KDnuggets 30th Anniversary Interview with Founder Gregory Piatetsky-Shapiro

Gregory Piatetsky-Shapiro founded KDnuggets 30 years ago, after organizing early workshops on knowledge discovery. In this retrospective interview, he reflects on KDnuggets' growth, key innovations like deep learning, and concerns about AI's societal impact.



KDnuggets 30th Anniversary Interview with Gregory Piatetsky-Shapiro

 

Happy anniversary KDnuggets!

This website — the very one you are reading right now — started life 30 years ago as a modest newsletter, and has since morphed into one of the oldest and longest-enduring data science resources available today. We are celebrating this achievement all month long, starting rather appropriately by sharing our recent discussion with KDnuggets founder Gregory Piatetsky-Shapiro.

Gregory is the mastermind behind KDnuggets, and ran the site for 28+ years, up until very recently. Known for coining the term "knowledge discovery in databases" and founding the KDD conference series, Gregory started the Knowledge Discovery Nuggets (KDnuggets) newsletter in 1993 to connect researchers in the fields of data mining and knowledge discovery. Until his retirement in 2022, KDnuggets grew into an influential publication in data science, machine learning, AI and analytics under Gregory's stewardship.

Though he is enjoying has hard-earned retirement, we managed to coax him back into the fray for a wide-ranging discussion on KDnuggets' history, its current state, the future, and even some reminiscing.

 
Questions for this interview were posed by KDnuggets editors Matthew Mayo, Abid Ali Awan, and Nisha Arya. The editor posing each question is noted along the way.

 
KDnuggets: Happy 30th anniversary, Gregory! For the few people out there who may not know who you are, can you give us the 30,000 foot abridged version? (asked by Matthew)

Gregory: Matt, thank you and pleasure to work with you and write for KDnuggets again!

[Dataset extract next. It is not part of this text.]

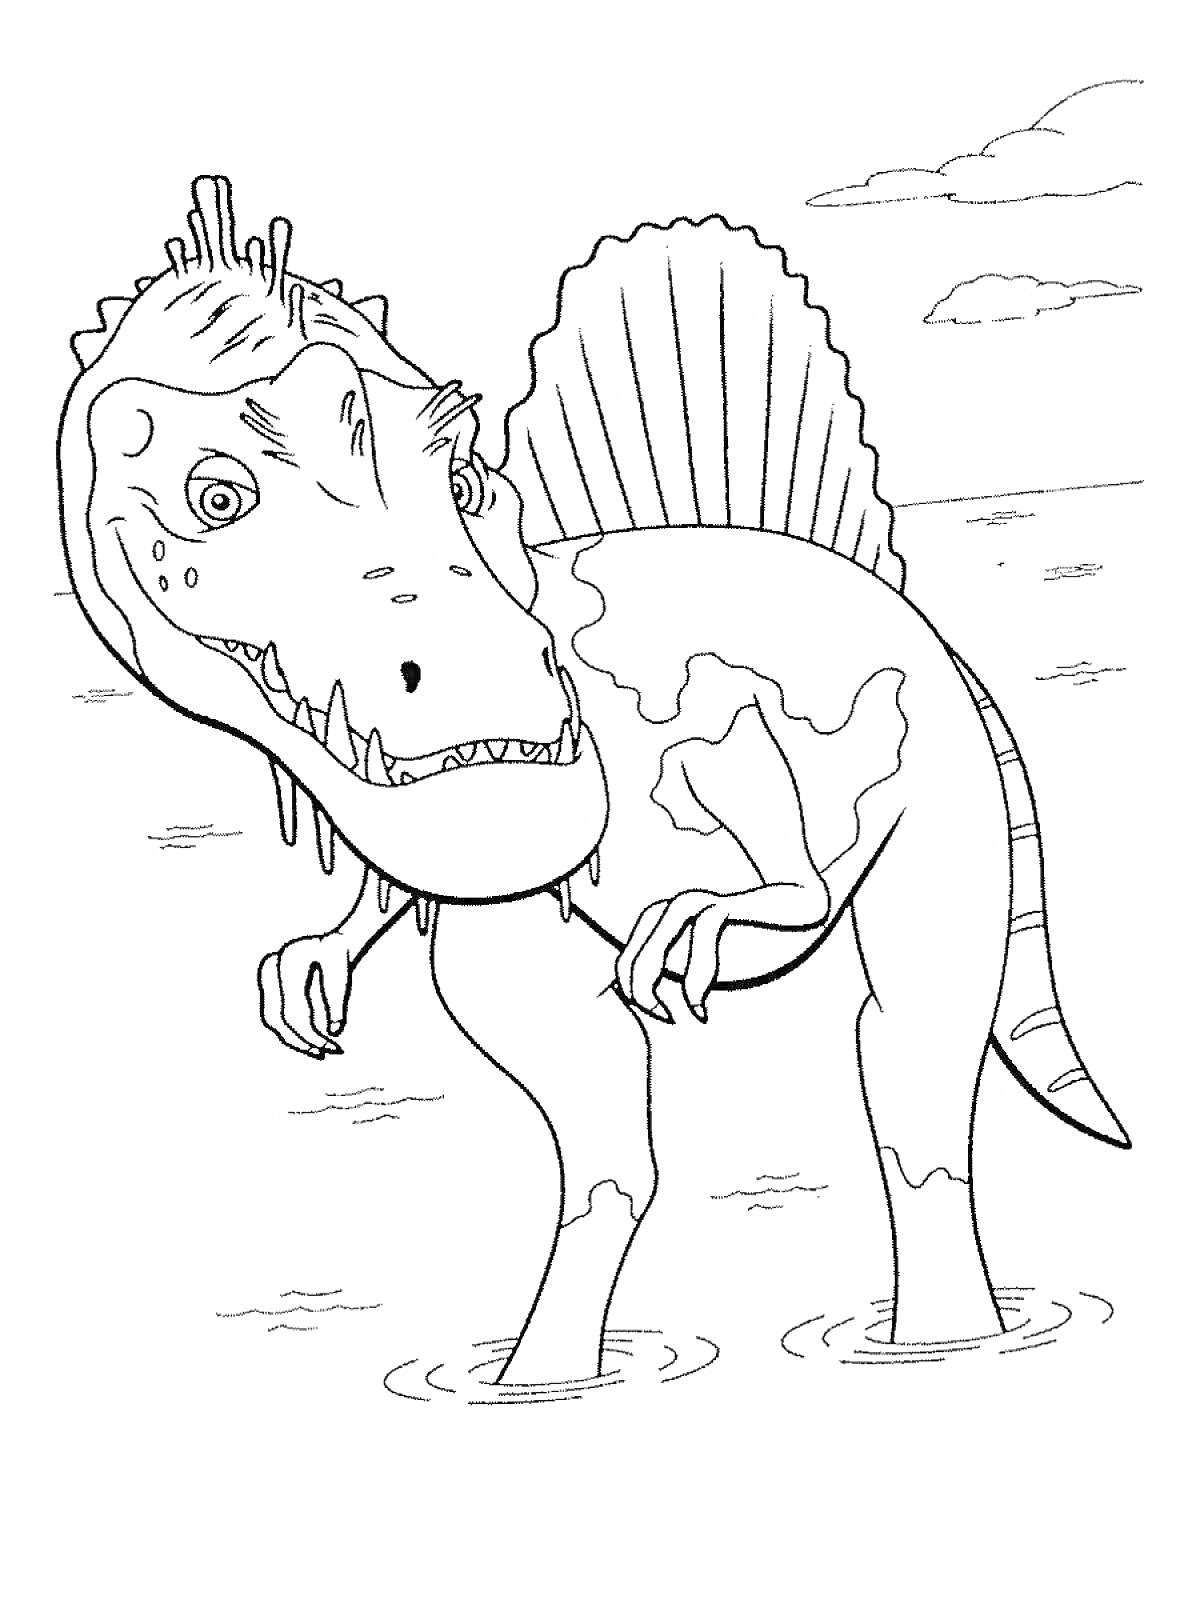 Динозавр в воде с плавником на спине и облаками на заднем плане

I am probably most known as the founder of KDnuggets — this publication — and a co-founder of KDD Conferences, a leading conference in data science and data mining. I started my scientific career as a researcher in AI and Databases; my Ph.D. thesis in 1984 was on the topic of self-organizing database systems. I then worked for a dozen years at GTE Laboratories in the Boston area, doing research, and building applied systems at the intersection of AI and databases. In 1989 I started the first project in the world called "Knowledge Discovery in Databases". Our project produced interesting applications to healthcare (KEFIR system), fraud detection, churn (customer attrition) prediction, and other areas.

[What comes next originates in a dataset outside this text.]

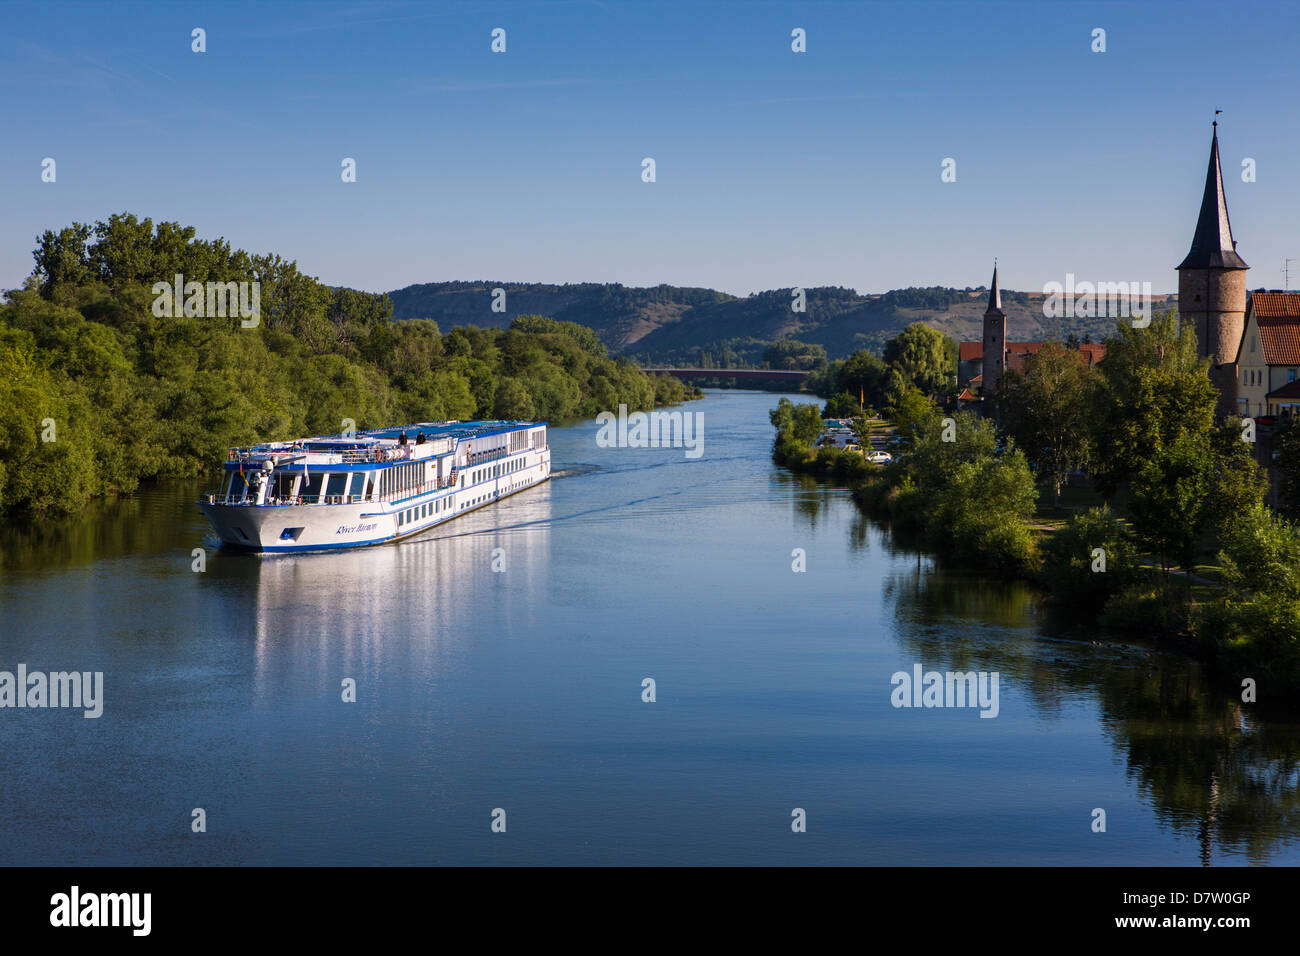 Cruise ship on the Main valley near Karlstadt, Franconia, Bavaria, Germany Stock Photo

In 1997 the dot-com boom was in the early stages and I left GTE to join a startup which was applying data mining to the financial area. We worked with some of the largest banks and insurance companies in the world, developing models for customer segmentation, attrition, cross-sell, and so on. In 2000 the first startup was bought by a larger startup for $50 million, but before any of us could cash our stock options, the dot com bubble burst and the second start-up went out of business. The value of all the hard-earned stock options was zero.

 

Gregory Piatetsky-Shapiro coined the term "knowledge discovery in databases" for the first workshop on the same topic (KDD-1989) and this term became more popular in the AI and machine learning communities. However, the term data mining became more popular in the business and press communities. Currently, the terms data mining and knowledge discovery are used interchangeably.
"Data mining" Wikipedia entry

 

So, in 2001 I decided to go on my own, publishing KDnuggets and doing consulting.

I have done a large variety of interesting consulting projects, from searching for biomarkers for Alzheimer to detecting counterfeit jewelry on eBay to analyzing software usage. But as KDnuggets became more popular it demanded more time, so I stopped consulting and focused on KDnuggets full time.

With data science and machine learning becoming hot fields around 2012 (as evidenced by the article, among many, titled "Data Scientist – the sexiest job of the 21st century") KDnuggets grew significantly and achieved wide recognition in the industry. KDnuggets was named frequently among the top publications in AI, big data, data science, and machine learning (see here for details).

I was very honored to be named LinkedIn top voice in data science and analytics in 2018.

Of course, whatever success with KDnuggets I have achieved is shared with many other people who helped me and worked with me along the way. I cannot name all, but I want to mention especially Chris Matheus and Michael Beddows who worked with me at GTE on the early KDnuggets website; Usama Fayyad, Sam Uthurusamy, and Won Kim with whom I worked on KDD conferences and organization; and Anmol Rajpurohit for helping with KDnuggets in 2013-15.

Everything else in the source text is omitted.